Government Actions Shaping the M&A Environment

Chinese government policies are also encouraging investment in innovative transportation-related technologies, particularly electric vehicles, says Wang: “The government has a huge push for China to transition into electric vehicles and cleaner energy, which also creates interest in related technologies, including sensors, batteries and other parts.”

Government clearly plays an important role in the Chinese business environment, perhaps most notably in the form of the “One Belt, One Road” initiative. This government-backed plan aims to connect Asia, Europe, the Middle East and Africa to China with a vast logistics and transportation network, and is encouraging related investments by Chinese businesses. The plan is also supported by significant government funds.

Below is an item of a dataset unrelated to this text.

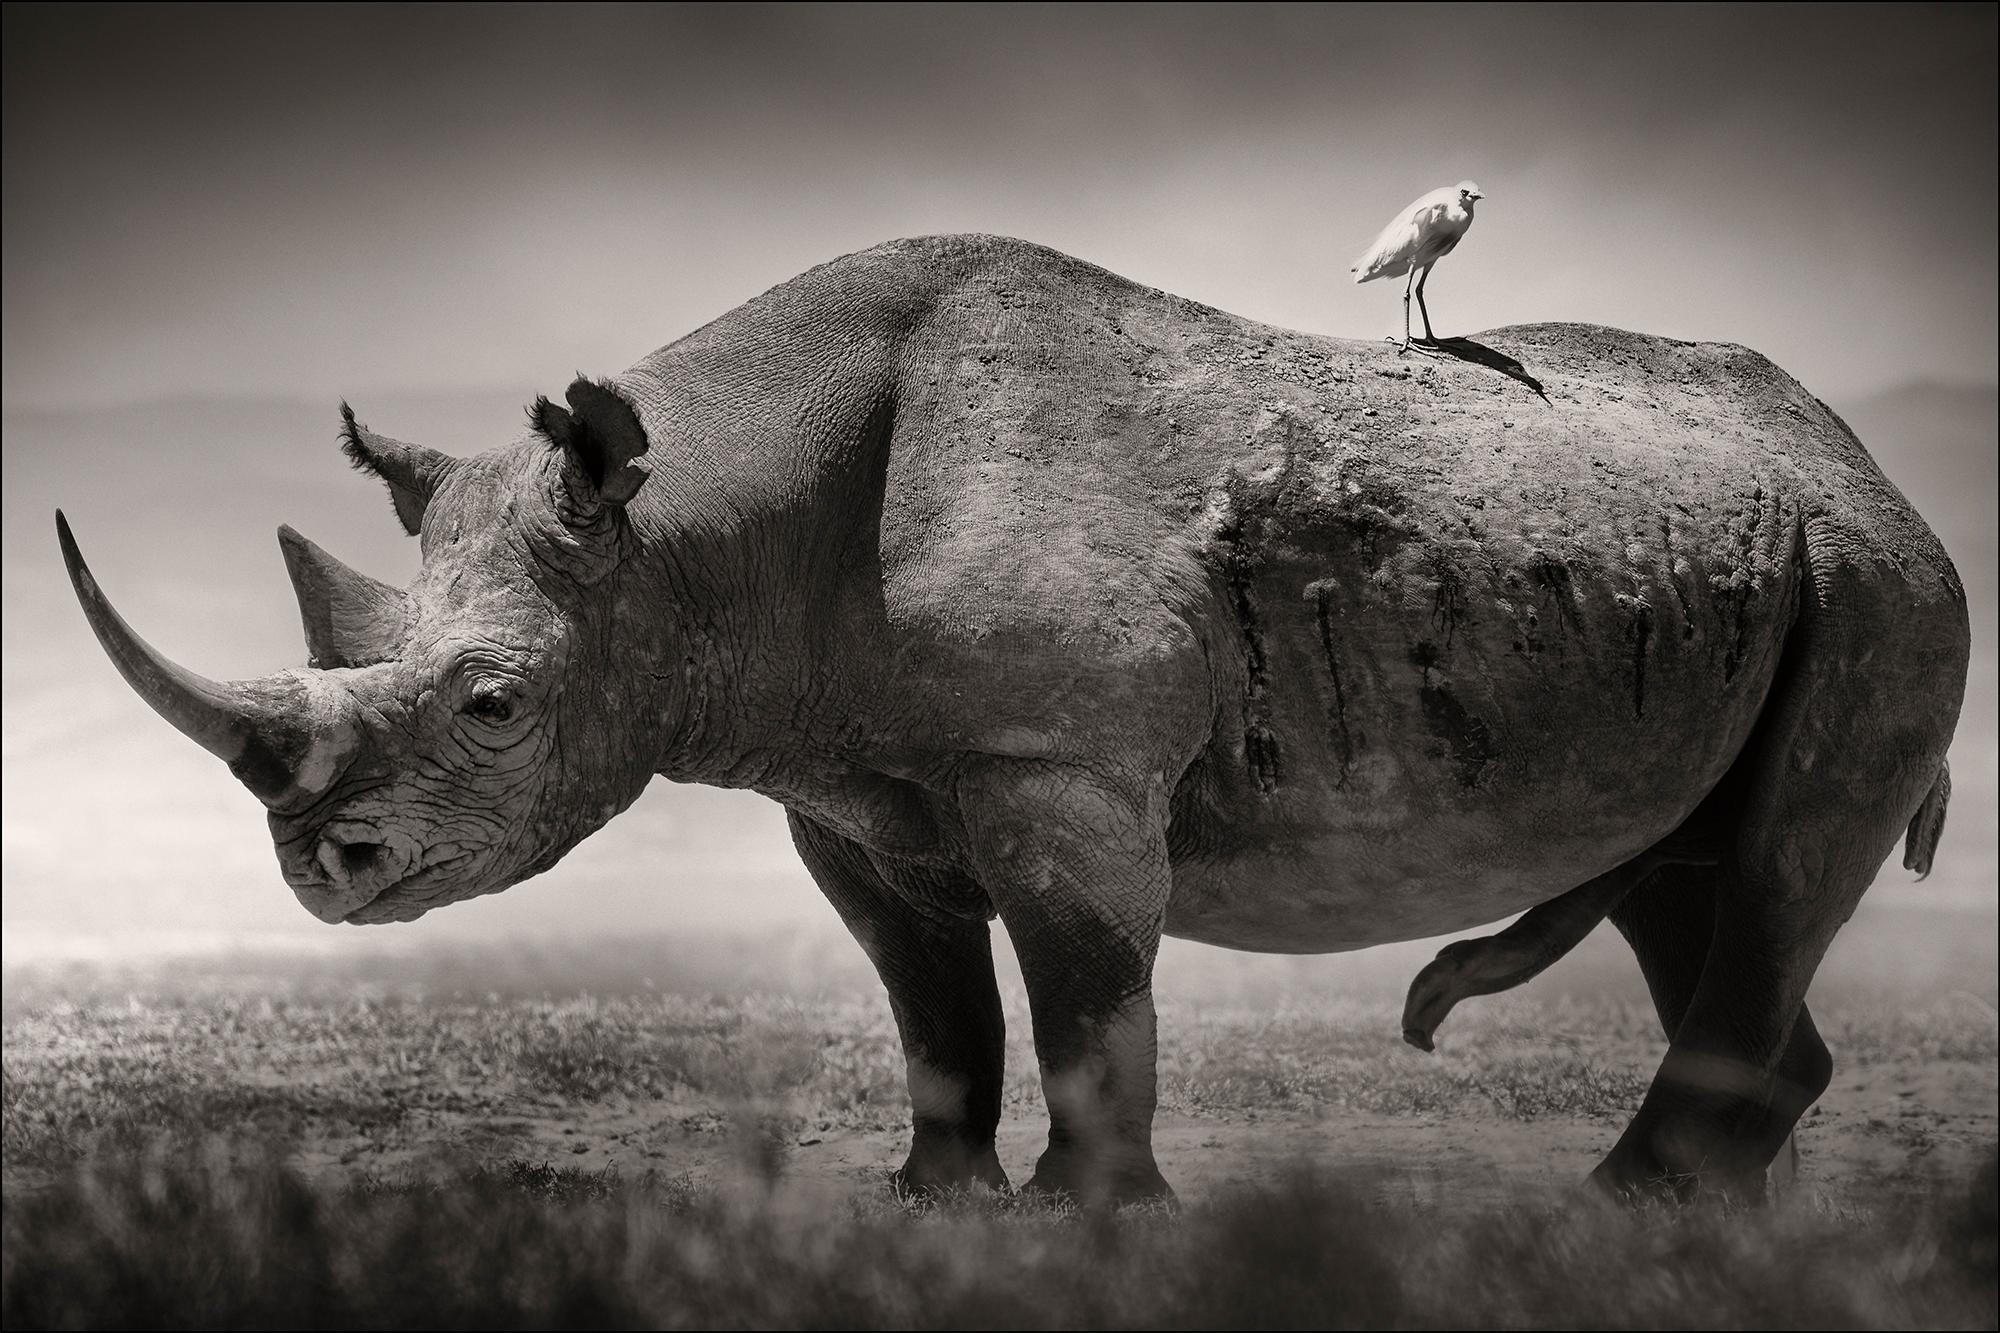 Joachim Schmeisser Landscape Photograph - Big male Black Rhino, africa, animal, wildlife, black and white photography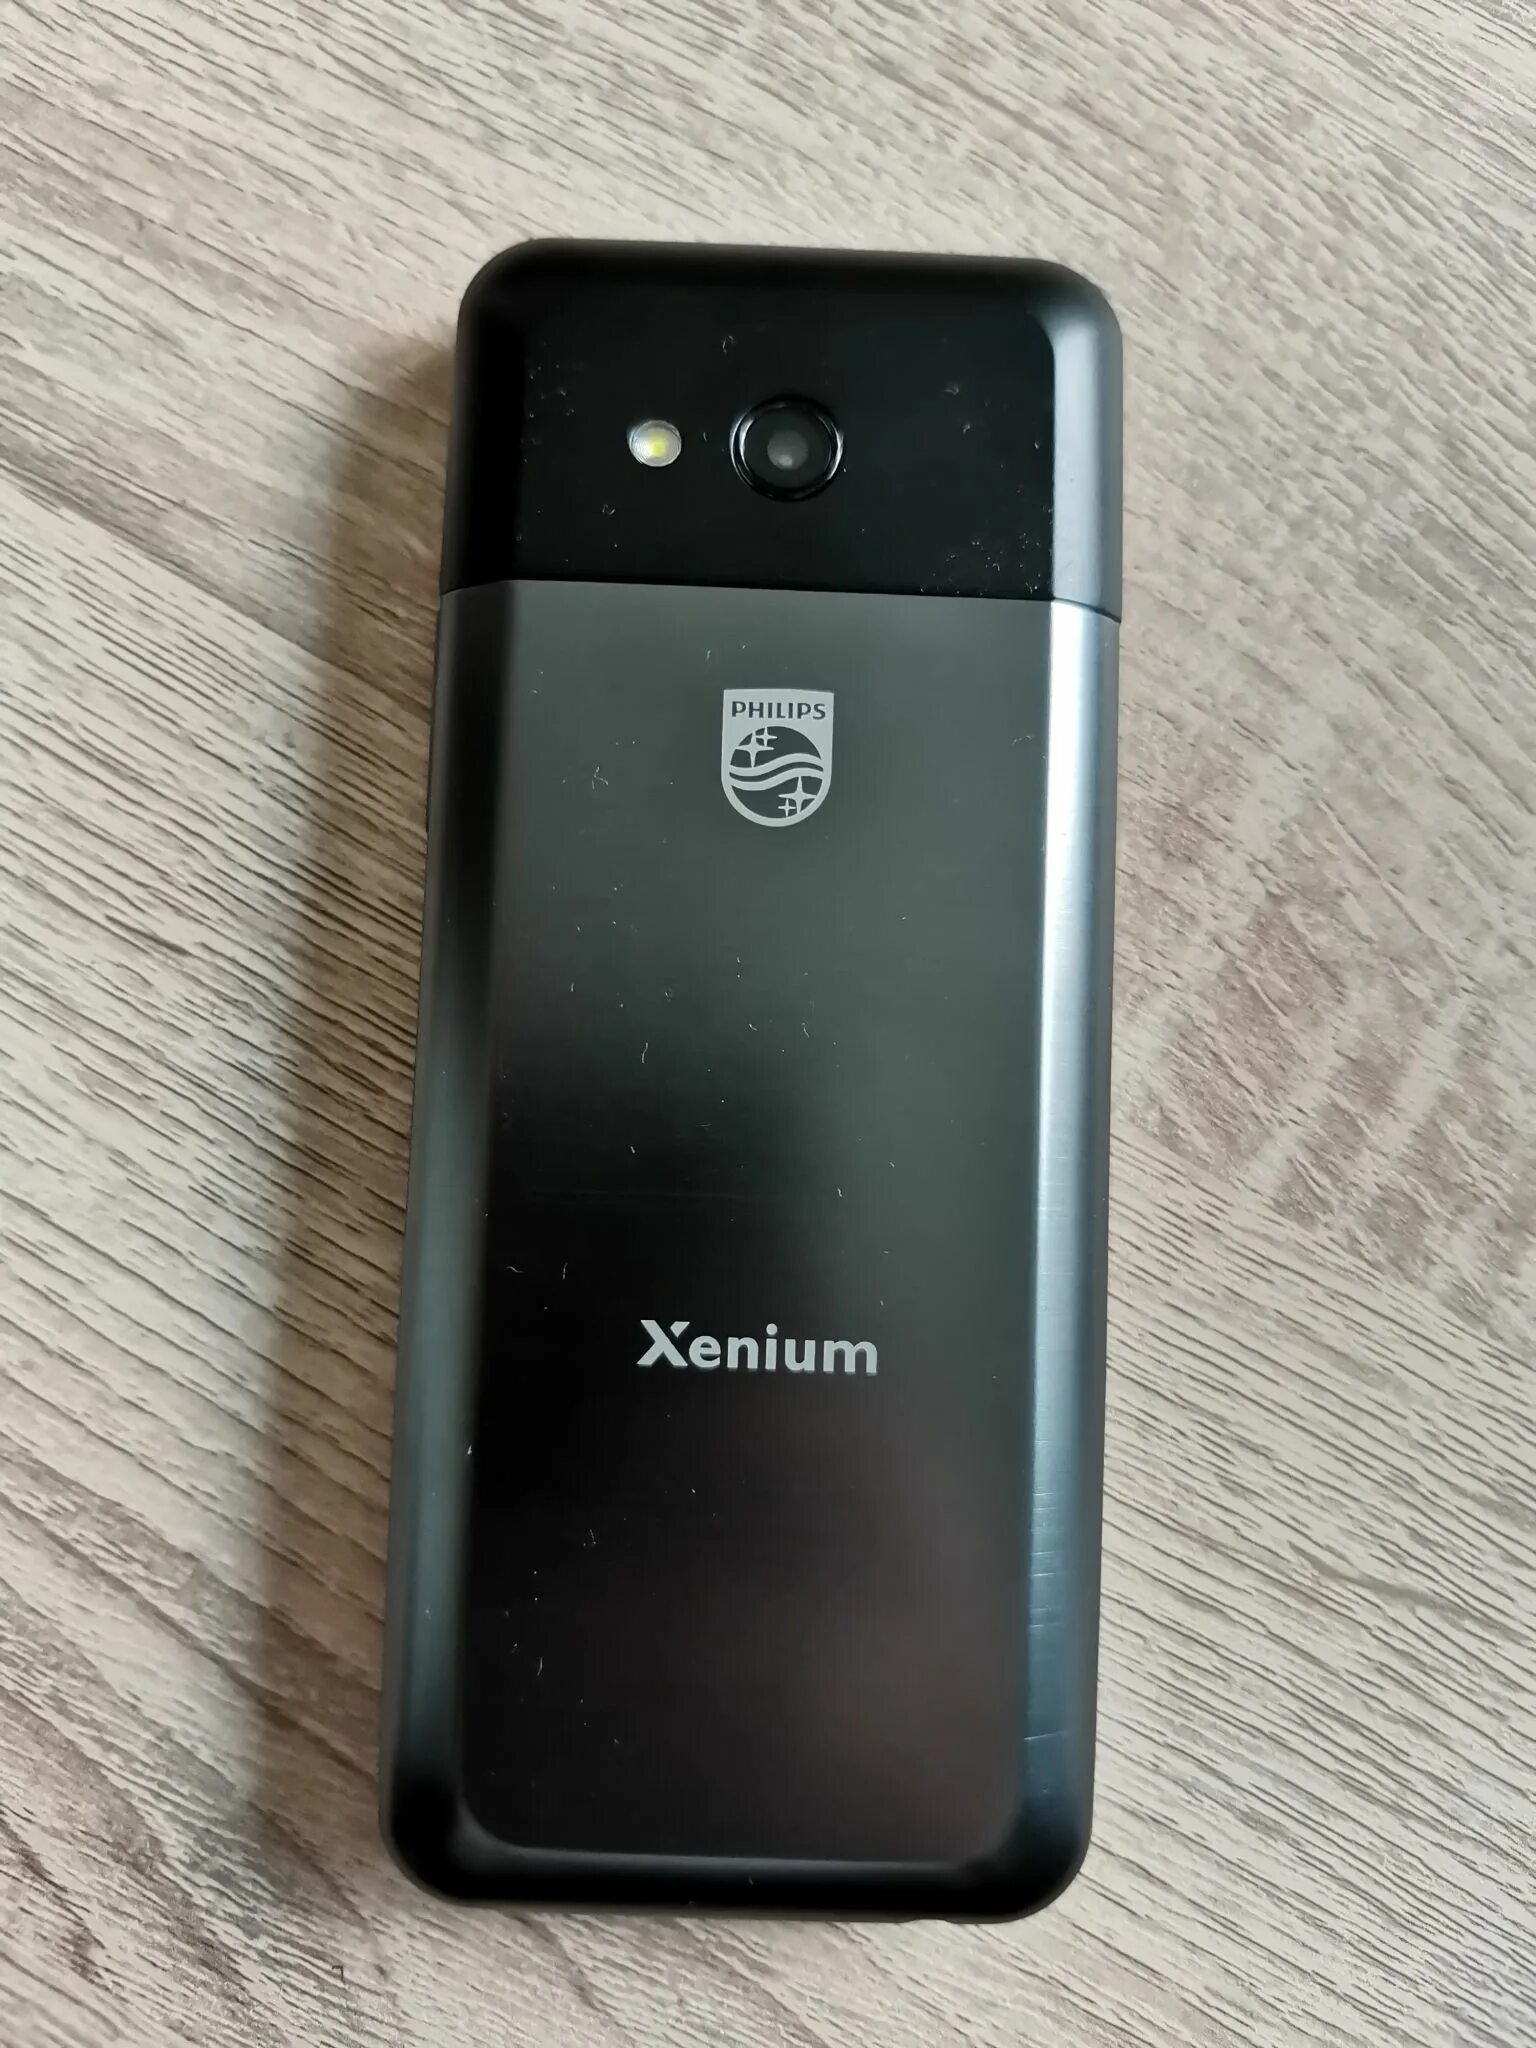 Philips Xenium e590. Мобильный телефон Philips Xenium e590 Black. Philips Xenium e590 Black (черный). Мобильный телефон Philips Xenium e590 Black размер. Филипс 590 телефон

Bass says, “The executives we met with in China were particularly interested in transportation and logistics businesses in Europe and Africa because of this program.”

Chinese investors remain interested in participating in the U.S. economy, but did have questions for the Harris Williams & Co. team regarding the Council on Foreign Investment in the U.S. (CFIUS), President Trump’s new tariff regime, and related obstacles to transactions.

“I think it's on the mind of decision makers, and those that are setting global M&A strategy as it relates to acquiring a U.S. business,” says Bass.  “I think there's also a willingness to find a way. And when there's an opportunity, a technology, or a service that is important to their strategic plan, they're not going to allow that to deter them.”

Conclusion

The vast and growing Chinese economy is home to a host of sophisticated transportation and logistics companies, increasingly looking to the West for innovative approaches and technology.

More specifically, China’s urban density and growing demand for Western goods is driving interest in autonomous vehicles, drones, clean energy, cold-chain logistics and other businesses related to e-commerce.

In terms of government actions, China’s One Belt, One Road initiative is spurring global investments in transportation, logistics and infrastructure, while CFIUS and tariff-related developments are raising questions about U.S. investments.